Он обдумал все, вплоть до мелочи, и сейчас решал лишь одну проблему: говорить обо всем сегодня или завтра?
- Был Володя, - сказал он совсем не то, что думал сказать.
- Как у него дела?
- Избрали первым секретарем райкома партии. Доволен, судя по всему.
- Он из всех нас самый способный, - она убрала стоящую перед ним сковородку, поставила чай. - Что ты на меня смотришь? Постарела?
- Нет. Просто давно тебя не видел. Иногда я вообще думаю, есть ли у меня жена? И все чаще прихожу к выводу, что, наверное, нет.
Она усмехнулась, глянула на него, потянулась:
- Есть предложение перенести прения на утро… Страшно хочу спать. Тебе где стелить? В кабинете или в спальне?
- В кабинете… - сказал он, и голос его прозвучал отчужденно, и она согласно кивнула головой, ушла стелить.
А он допивал чай, так и не заметив, что не клал туда сахара, и думал о том, что все складывается к лучшему и что завтра он внесет в план еще одну коррективу; после того как она прочтет письмо, он потребует его для просмотра, потому что имеет на это самое полное право. Жаль только, что придется теперь разъяснять все на работе, а это не хотелось бы делать, потому что развод на пятом десятке - это пошло.
Он пошел в кабинет, где на диване было постелено, быстро разделся и лег, думая о том, что в жизни, конечно, ему не повезло, но есть дочь, о которой он будет заботиться, есть работа, которую он любит… Боже мой, что нужно человеку еще?

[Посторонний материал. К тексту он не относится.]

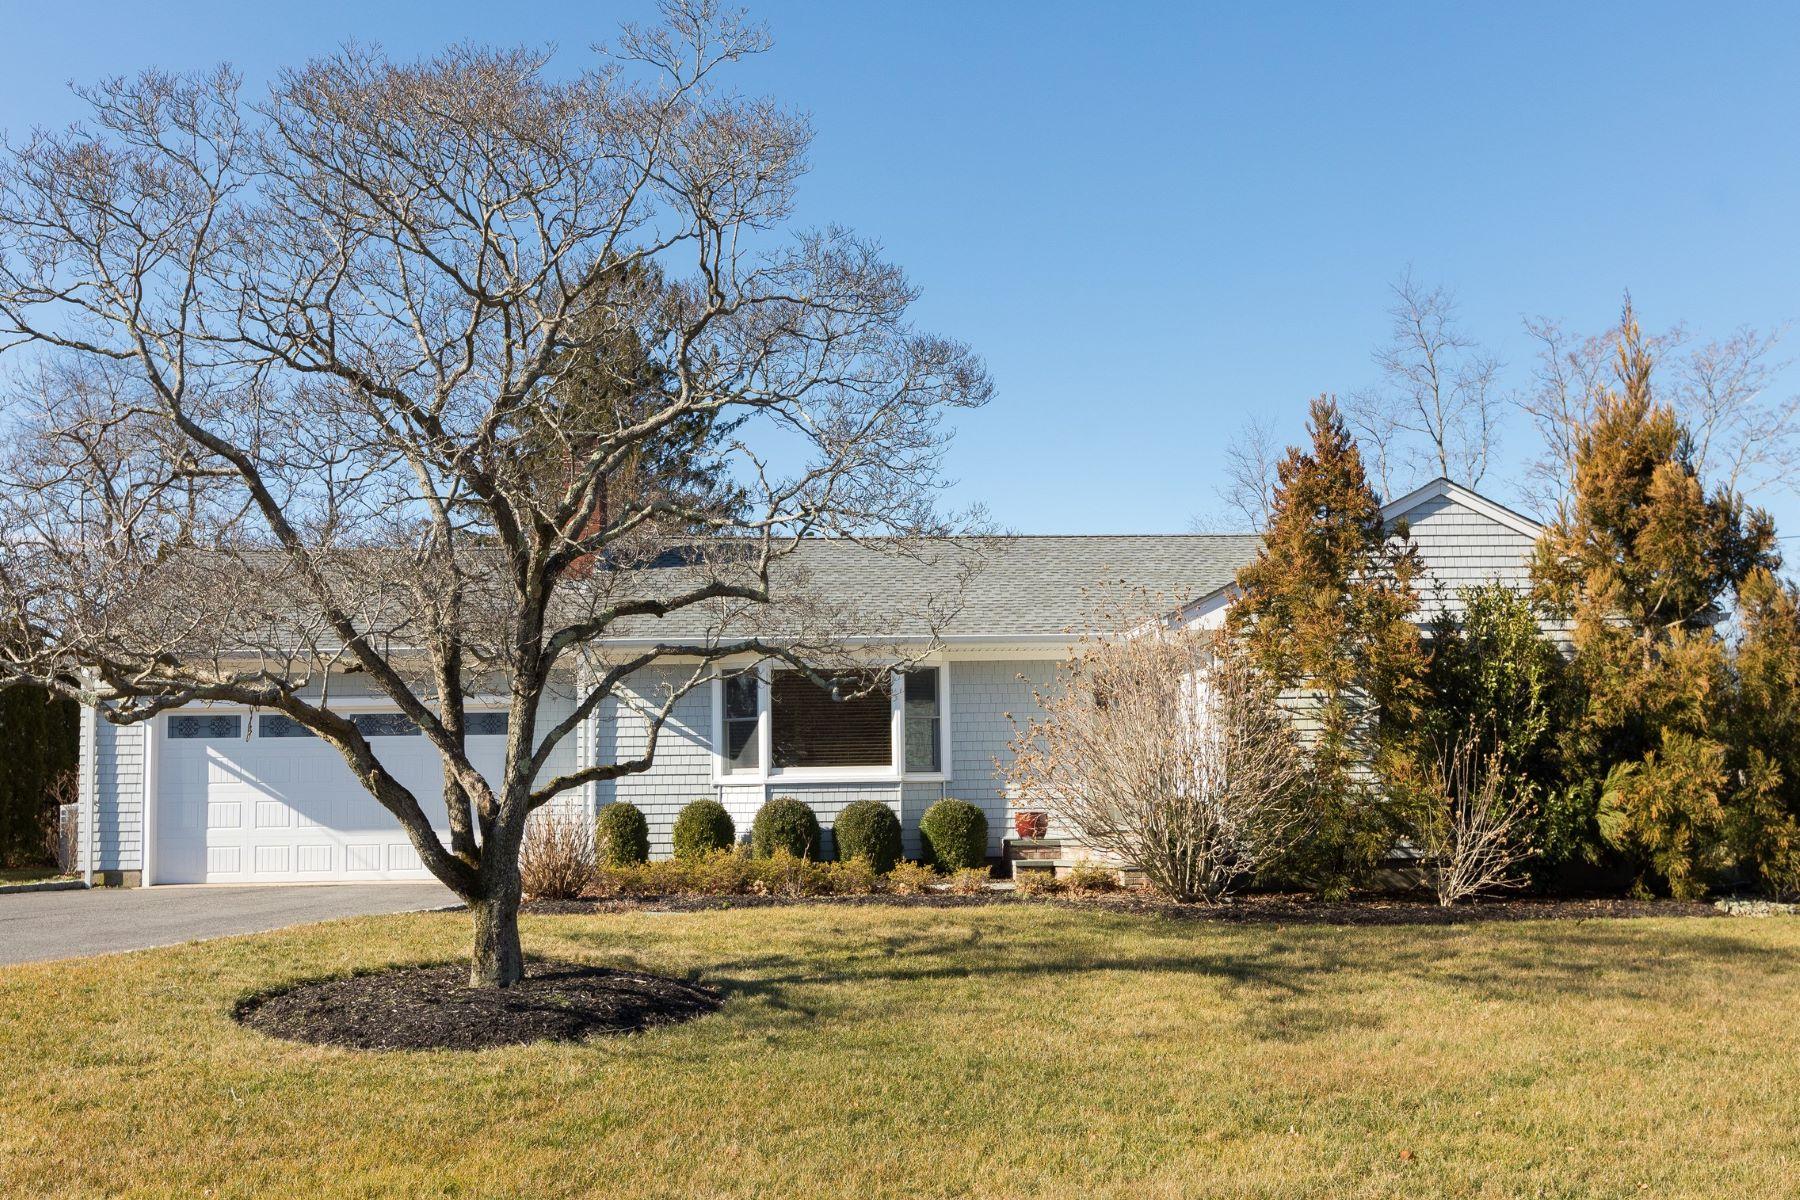 Single Family Homes for Sale at Mattituck 150 Meadow Lane Mattituck, New York 11952 United States

Да, надо сказать Лиде, чтобы она разбудила его часам к десяти. Конечно, надо сказать, а то ведь ему предстоит кое-что сделать. Он встал и пошел в спальню и увидел, что Лида сидит на краю постели и всхлипывает. И это для него было совсем непривычно, чтобы Лида, его Лида, которая никогда не плакала, во всяком случае при нем, вдруг сидит и всхлипывает. А он слез женских не переносил вообще и, увидав такую картину, застрял на дороге и не мог сделать больше ни шага. И в эти мгновения он почувствовал себя такой сволочью, эгоистом, подлым ревнивцем, сокращающим жизнь близкого человека, троглодитом, бездушным негодяем и так далее, что самым логичным поступком для него оставалось только одно: подойти и попытаться утешить ее, в конце концов, попросить прощения, потому что он действительно думал о ней черт знает что…
Он обнял ее, поцеловал в мокрую щеку и почувствовал, что она, как когда-то очень давно, в забытой юности, всем своим тугим горячим телом приникла к нему. И он еще подумал о том, что в июле светает еще очень и очень рано…
9
- Это будет большая стройка… Гораздо больше, чем ты представляешь. Почти три тысячи километров железной дороги через тайгу. Сейчас завершается уточнение трассы. Раньше, когда мы работали на западном участке дороги, было труднее. Сейчас все-таки легче. А вообще устаешь. Тайга, мороз или грязь… Трудно.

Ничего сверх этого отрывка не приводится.